The view that launching the rocket would be “a clear violation,” as Mr. Obama put it, of the deal in which North Korea declared a moratorium on long-range missile and nuclear tests dominated his meeting with South Korea’s President Lee Myong-bak on the eve of a two-day nuclear security summit of leaders of more than 50 countries.
The summit is about nuclear terrorism and accidents, not the nuclear programs of either North Korea or Iran, which have cooperated with one another in exchanging components and technology. Nonetheless, worries about North Korea were sure to take up most of the time of the leaders outside the formal conference.
The most significant conversation may be that between Obama and China’s President Hu Jintao. Obama made clear he would press hard for Mr. Hu to get tough with North Korea about its plans to fire off the rocket around the time of massive celebrations on April 15 of the centennial of the birth of Kim Il-sung, grandfather of North Korea’s young “supreme leader” Kim Jong-un.
“Rewarding bad behavior, turning a blind eye, trying to paper over provocative acts obviously is not working,” said Obama. He believed China did not “want to see North Korea with a nuclear weapon,” but “the question is what the Chinese are doing” to get North Korea to adopt a different approach.
In that spirit, Obama showed his solidarity with President Lee after getting back from a quick visit to the demilitarized zone between the two countries. The visit to the DMZ came as reaffirmation of the US-Korean alliance as well as appreciation of the role of the 28,500 US troops still based in Korea.
After peering through binoculars into North Korea, Obama returned to this capital 40 miles below the North-South line armed with a warning of “the real consequence” if the North fires the rocket. North Korea, he said, “will have missed an opportunity ... to take a different path from the one they’re taking.”
North Korea insists it wants to launch the rocket solely to put a satellite into orbit, but experts here do not accept that claim since North Korea conducted similar tests in August 1998 and April 2009.
The widespread view is that Kim Jong-un, in his late 20s, sees next month’s test as a way to solidify his power. “The new leader has to stabilize his position by showing his capability,” says Kim Keung-koo, a nuclear physicist with the Korea Atomic Energy Research Institute.
Dr.
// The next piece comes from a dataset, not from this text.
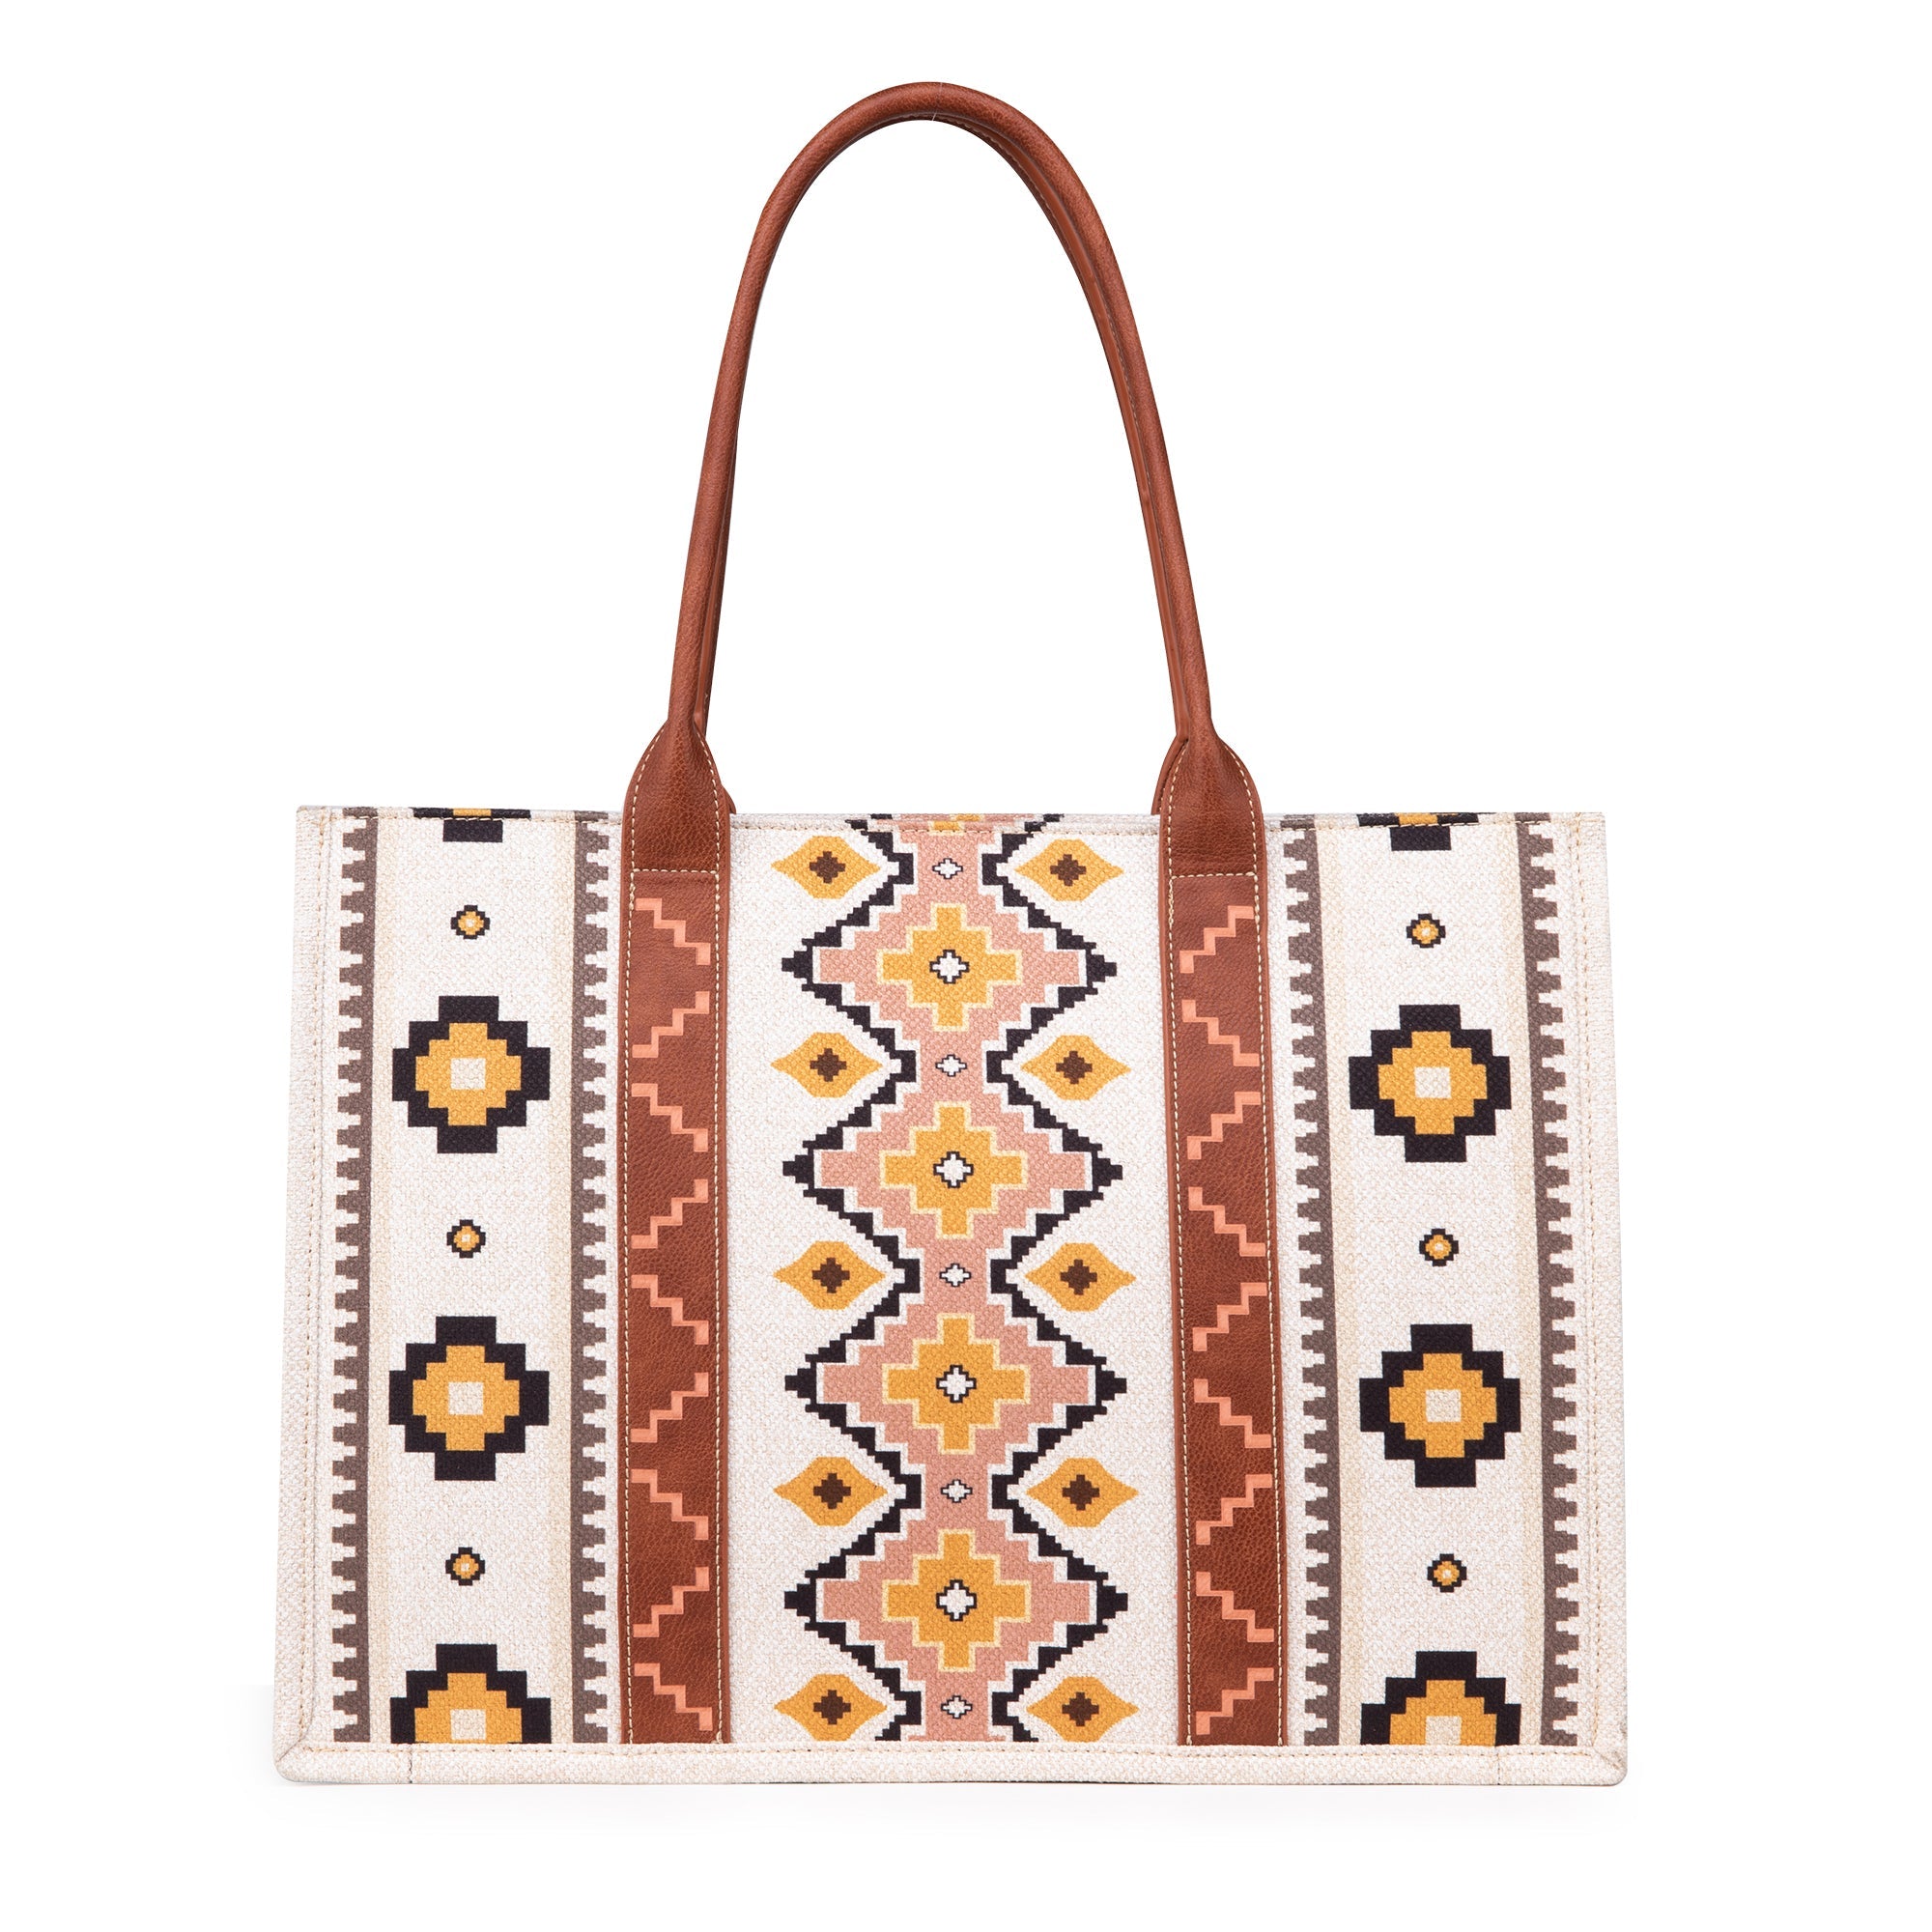 Wrangler Southwestern Dual Sided Print Canvas Tote/Crossbody Collection - Cowgirl Wear

Kim Chang-kyu, a nuclear scientist at the same institute, says North Korea “has the possibility” of firing a nuclear warhead if they can bring it down to a small size but “they are only at the beginning stage.”
Obama’s visit to the demilitarized zone dramatized a confrontation that has persisted since the Korean War ended with an armistice in July 1953.
Clad in a dark windbreaker, Obama looked across the DMZ from Observation Post Ouelette, named for an American soldier killed in the early months of the Korean War in 1950. North Korea, he observed, was “like a time warp, a country that missed 40 to 50 years of progress” and was unable do anything for the “well-being for its people.”
Just south of the DMZ, a 2.5-mile wide strip that stretches across the Korean peninsula, he chatted with US troops sharing duties with South Koreans in and around the truce village of Panmunjom on the North-South line.
“I could not be prouder of what you’re doing,” he told about 50 of them in the mess hall. “You guys are at freedom’s frontier.”
While he was there, reports circulated here that North Korea was already rolling its rocket by train to the launch site.
“The situation remains unsettled,” said Obama, asked what he thought of Kim Jong-un. “It’s not clear who’s calling the shots.” Whoever’s in charge, he surmised, “they have not yet made that strategic pivot where they say what they’re doing is not working.”